Before Dza Kilung Rinpoche, head of Kilung Monastery in the Dzachuka region of Kham, Tibet, founded the Kilung Foundation in Clinton, he grew up in green highland valleys at an altitude of 15,000 feet.
He moved pasture to pasture, helping his family tend to yaks and sheep, sleeping in a tent made of yak hair. He traveled and communicated by horseback.
Today, Rinpoche, born Jigme Tendzin Chodrak, relies on modern convenience in his travels back and forth from Whidbey and around the world to give Buddhist teachings. Culture has changed a lot in his lifetime. While technological devices have brought much ease, Rinpoche has noticed people are more distracted than ever before.
In his new book, “The Free Mind: Finding Clarity in a Digitally Distracted World,” Rinpoche offers generational Kilung teachings that transcend the Buddhist practitioner and offer insight on remaining mindful and productive in the digital age.
“The island here is a very amazing place that has so much closeness to the nature resources and all this, and sometimes you can see the people here are also having some challenges,” he said. “Maybe they are too busy to look around and to feel the marvelous nature and the richness, sometimes people are spending more time in the screens and forgot to look around and then take a deep breath with the freshness and the sea smell.”
The book is structured a bit like an airplane flight. As it takes off, Rinpoche offers a brief exploration of humans’ relationship to technology today. Once in the air, the book discusses Buddhist practices and provides tools for how to frame this relationship.
The book then rises “above the clouds” in part three, examining the nature of happiness and suffering and the deeper implications of virtual reality. By part four, the reader returns to Earth, focusing on home and the environment.
The book teaches how to condition and develop positive habits, identify roots of pleasure and suffering with phones. As it goes on, the text broadens to the esoteric, discussing the essence of happiness. “The Free Mind” is part social observation, part philosophy, part self-help.
The first line reads, “Although the author, Kilung Rinpoche, is a Tibetan Buddhist lama and teacher, ‘The Free Mind’ is not a book on Buddhism.”
“People come to meditate with me from all ranges of age and different countries,” Rinpoche said. “No matter Eastern or Western, everybody has this common wish. Everybody is looking for happiness. No one is looking for unhappiness or suffering.”

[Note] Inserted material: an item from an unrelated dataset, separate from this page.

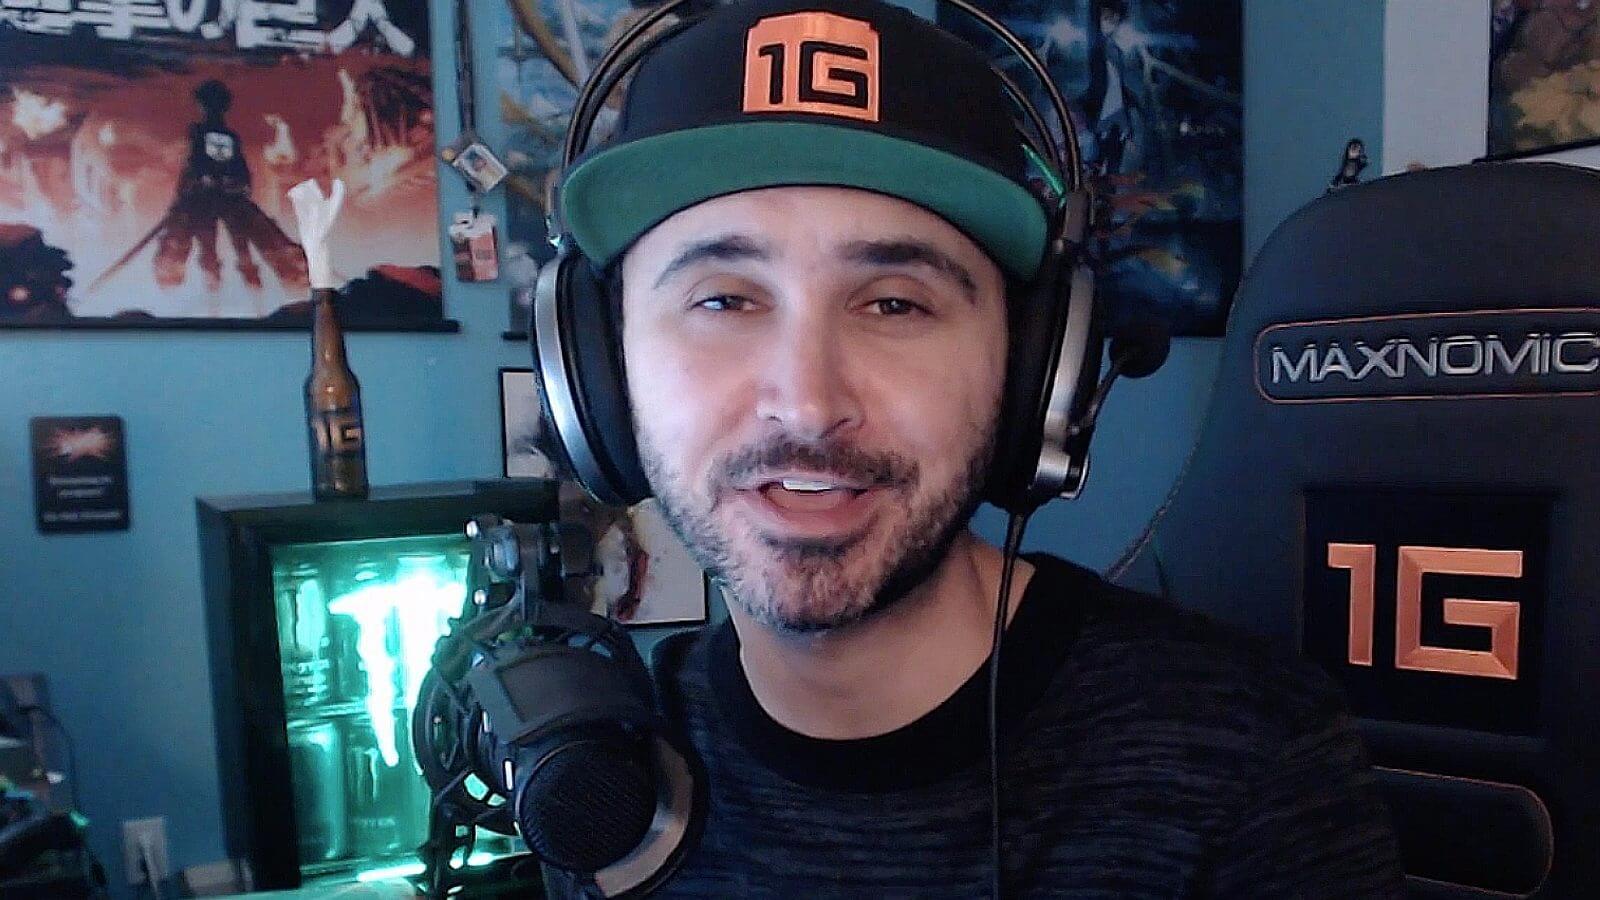 summit1g-blazed-high-weed-funny-stoned-clips.jpg

As Rinpoche grew up with the rising technology, it felt promising, he said. He fondly remembers the time of the landline, whereby dialing each number he had to circle the digits with his finger, then speak to an operator to connect with who he was calling. People became able to communicate with someone instantly from across the world.
Soon the downsides came, he said. People spent more and more time with this device to the point of forming negative habits or even obsession.
“Everything is changing, and now people have what they call smartphones and smart devices and things,” he said. “They are smart. Almost too smart. It’s a takeover, takeover of everything.”
Using the phone has become unconscious for many people, he said. It’s not the choice that yields the most happiness.
“Sometimes in downtown city or somewhere where people rush and walking, many of them are carrying headphones,” he said. “While they’re walking, they’re looking at screen and also while the people are having meals and or waiting meals and also with family and friends, people around.”
Rinpoche sought answers in teachings from the Buddha. Like all things created by humans, modern devices require a balance to find a genuine life.
“It’s important to use this social media and things like that, but finding balance and patience and some kind of dignity of the mindfulness in there, this would be great,” he said.
An important aspect of this is time with family, he said, fostering meaningful conversations with children and family members and not immediately resorting to a screen. Check in and spend quality time.
With each passing generation, these skills become especially important, he said.
“Every one of us equally have a potential to find the freedom (like) the title we pick up here, ‘The Free Mind,’” he said. “Mind can be free for anyone. We all have a potential to really awake and (have a) deeper understanding our own mind.”